Generative artificial intelligence (Gen AI) is brand new. So, what is Gen AI security? Its novelty might be why it’s often used to mean 2 different things:
- Protecting generative AI models from attack
- Using generative AI models to protect all kinds of assets from attack
We’ve covered some components of AI security in general, especially how teams can get started protecting AI workloads. Here, we’ll go in depth about how teams are using generative AI in particular — the kind of intelligence that extrapolates novel outputs from patterns (not just analyzes or rates existing data) — to guard against cyber attacks, but also to protect their own resources in the cloud.
What is Generative AI (Gen AI) in Cybersecurity?
Generative AI produces data. And that’s novel, since previous security models used traditional AI to analyze data, scouring logs for anomalies, for instance.
Today, Gen AI makes its own data, so it can create incident reports, suggest remediation, and even write the code that fixes security issues. Examples include:
- Auto-generating incident summaries based on raw log files, like summarizing a brute-force login attack from a week of access logs.

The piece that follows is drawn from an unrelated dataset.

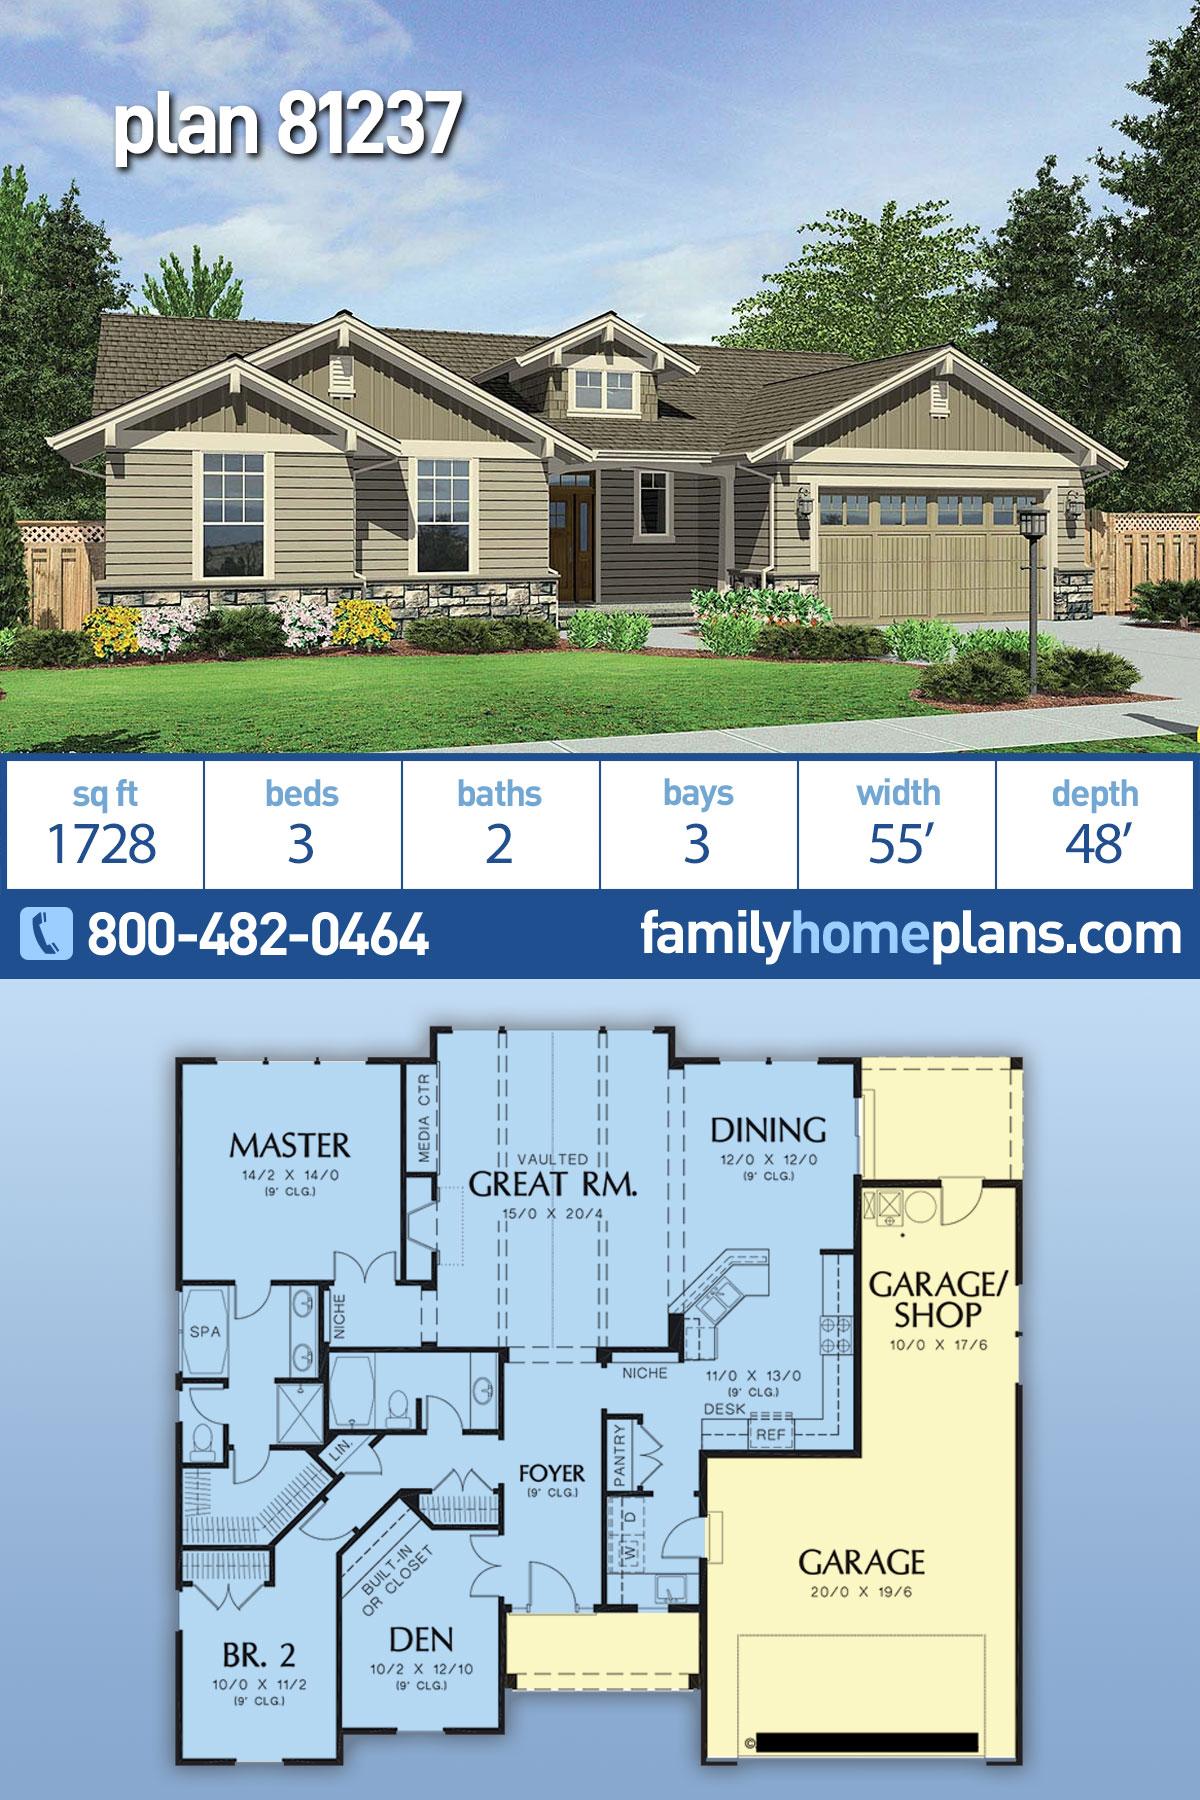 Craftsman House Plan 81237 with 2 Beds, 2 Baths, 3 Car Garage

- Proposing remediation steps for a misconfigured S3 bucket, such as rewriting IAM policies or suggesting rule changes to block public access.
- Writing and validating code to patch a vulnerable API endpoint after a known Common Vulnerability and Exposure (CVE) is detected, sometimes even with test cases included to verify that patches work.

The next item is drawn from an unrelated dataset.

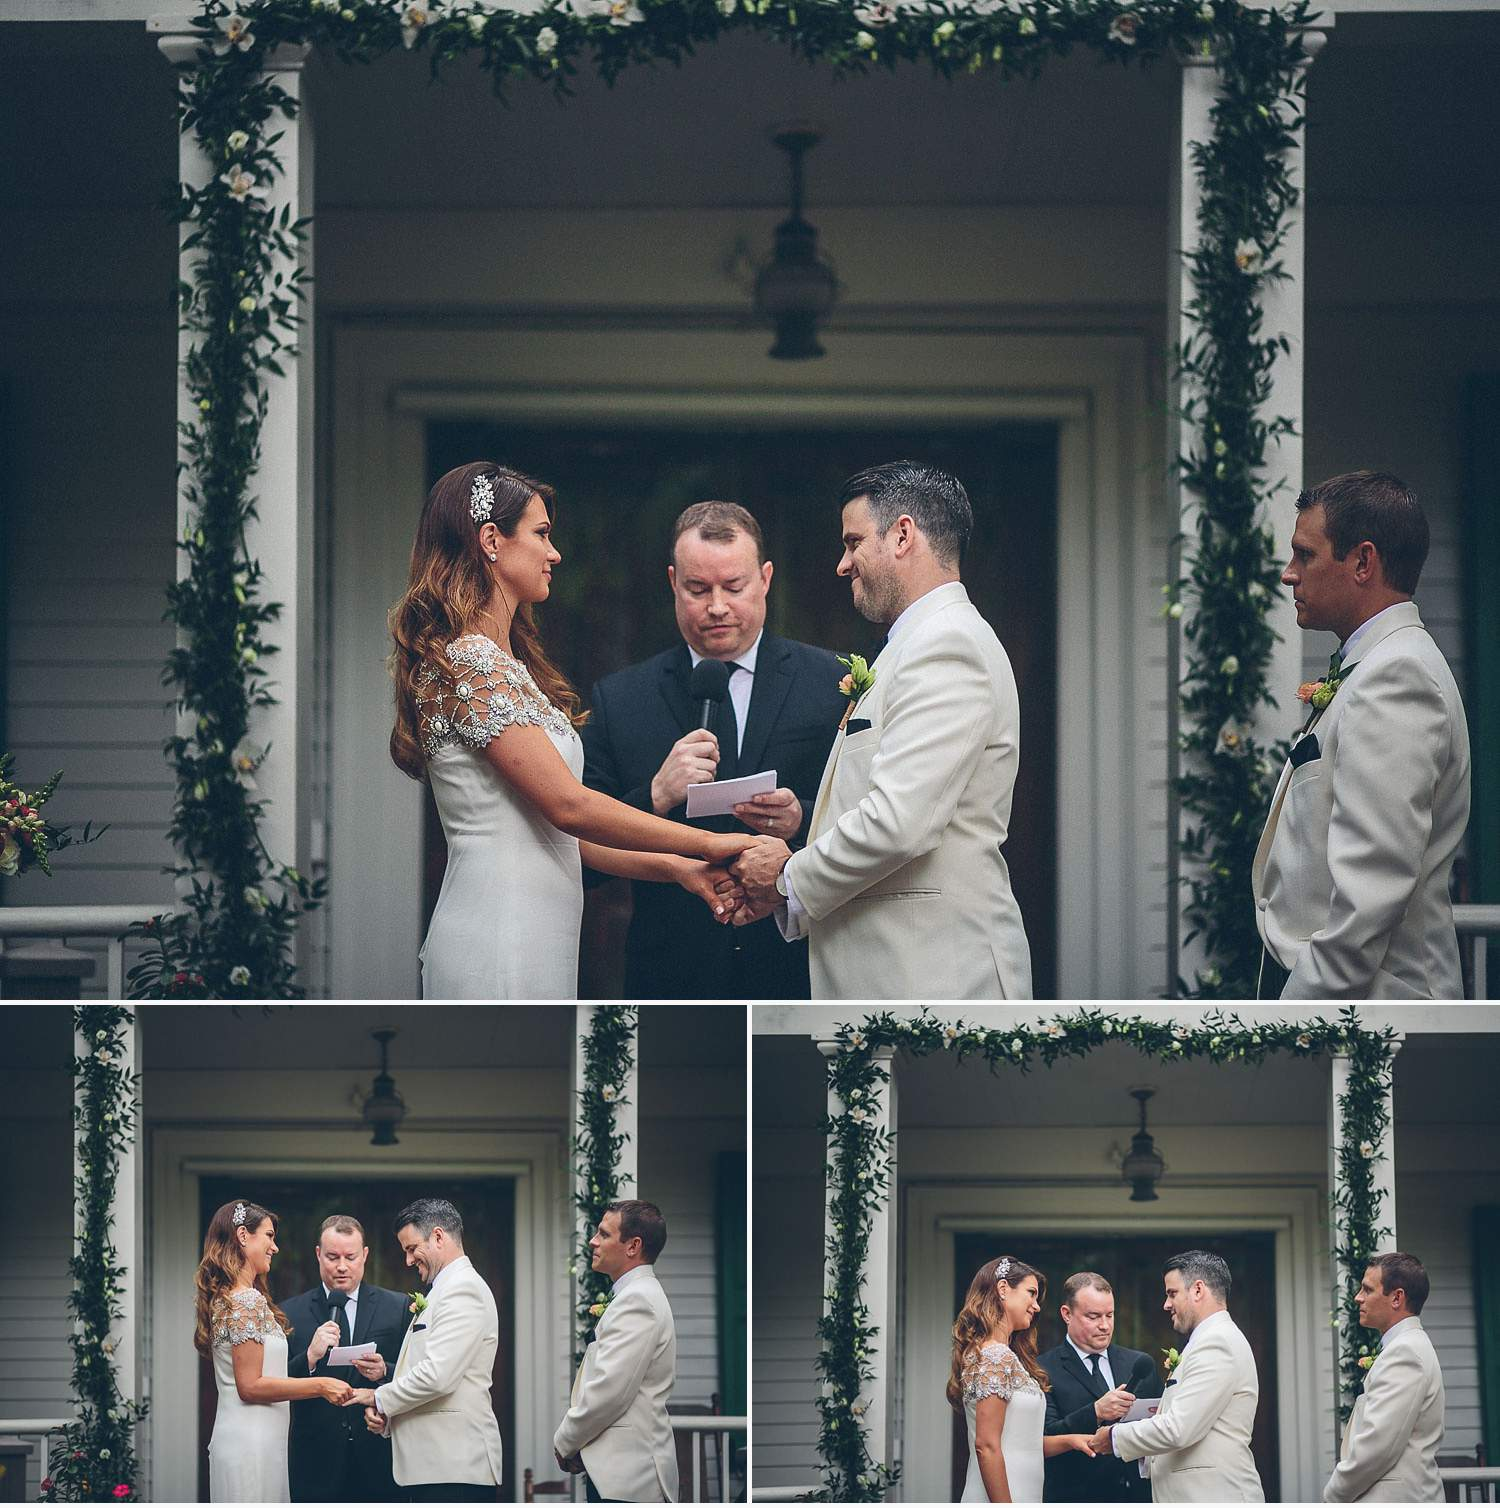 audubon-house-key-west-wedding-photographer-daniel-lateulade-0020.JPG

In security applications, Gen AI can also use machine learning models based on Generative Adversarial Networks (GANs), the machine learning models comprised of 2 competing neural networks that create and detect data with one another, improving until generated data can’t be discerned from real inputs.
Those models are useful in the following scenarios:
- Creating fake-but-realistic data from logs to payloads and user behavior, all crafted to help train other security models. For example, those models may be working to detect credential stuffing attacks.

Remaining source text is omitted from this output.